Sync the browser via the sync button in the page header; the launcher does not auto-pull. The header also shows last-synced time and a "remote ahead by N commits" hint when upstream has new content.

Auto mode

A second claude session, the operator agent, drives the chat-side operator role: answers prompts, picks capture paths, finishes the session. Bright pink in the UI; the investigation agent stays blue.

When to use it

Routine, well-known incident patterns where the operator's role is mechanical. Not appropriate for novel incidents, high-stakes decisions, or anything where customer context matters. The operator agent doesn't have it and is trained to yield to you in those cases.

Enabling

Tick Run in auto mode on the start screen before submitting. A watch can also start a session in auto mode directly (see Watches). To hand an already-running manual session to the operator agent, restart it with auto mode on.

Take over

While auto mode is running, the chat composer is disabled and the Take over button replaces Send. Press it to pause the operator agent; you can then type follow-ups as usual.

Resume auto mode

After a take-over, press Resume auto mode to hand control back. The operator agent receives a catch-up briefing (every transcript envelope since you took over) and continues from the current state. It will not re-litigate decisions you made.

Finishing and restart

The operator agent calls finish when the investigation has settled. The session enters a finished phase; the composer re-enables in case you want to add a manual note. A Restart auto mode button is available if you need to wake the operator back up.

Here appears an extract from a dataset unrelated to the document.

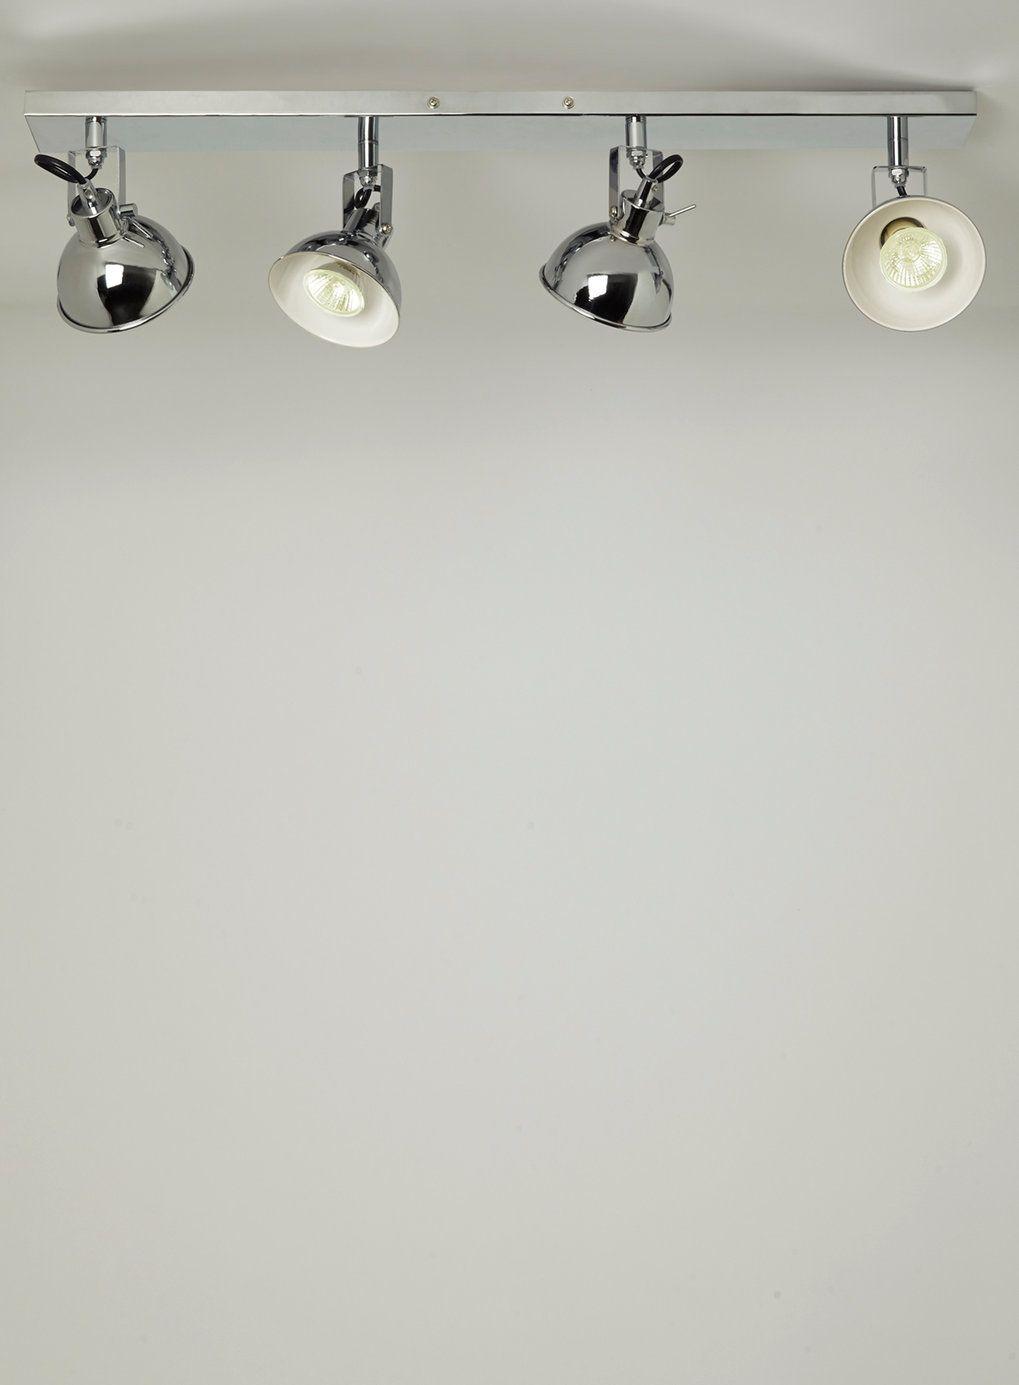 bhs light for kitchen - Spotlight Kitchen Lights

What the operator agent will not do

Run cluster tools (it has none, only chat).
Invent customer context, recent deploys, business impact.
Make operator-side decisions with operational consequences (e.g. recommending a pod restart on production). It yields to you with a pink chat note when it should.

Reading the transcript

Blue envelopes = the investigation agent (same as always).
Pink envelopes = the operator agent (its messages and its internal tool calls in the activity panel).
Default envelopes = you.
Horizontal pink dividers mark phase transitions: auto mode started, human took over, resumed, auto mode finished.
The activity panel collapses the operator agent's internal work into an Auto-operator group; expand if you want to see how it reasoned through a turn.

Tips

Provide one good sentence in the notes field. "Operator reports CR backup-prod-eu is stuck not Ready" beats "backup broken". The agent uses your phrasing to pick the right playbook.
Don't paste ten log lines unless they're the smoking gun. The agent will pull logs itself; you giving it five lines from a random pod is more confusing than helpful.
Stop the agent if it's clearly off-course. Type stop, look at X instead and it'll redirect. The walker is suggestive, not prescriptive.
Trust the activity panel for "what did the agent do?" Don't scroll the chat looking for tool call evidence; the activity panel is the canonical record.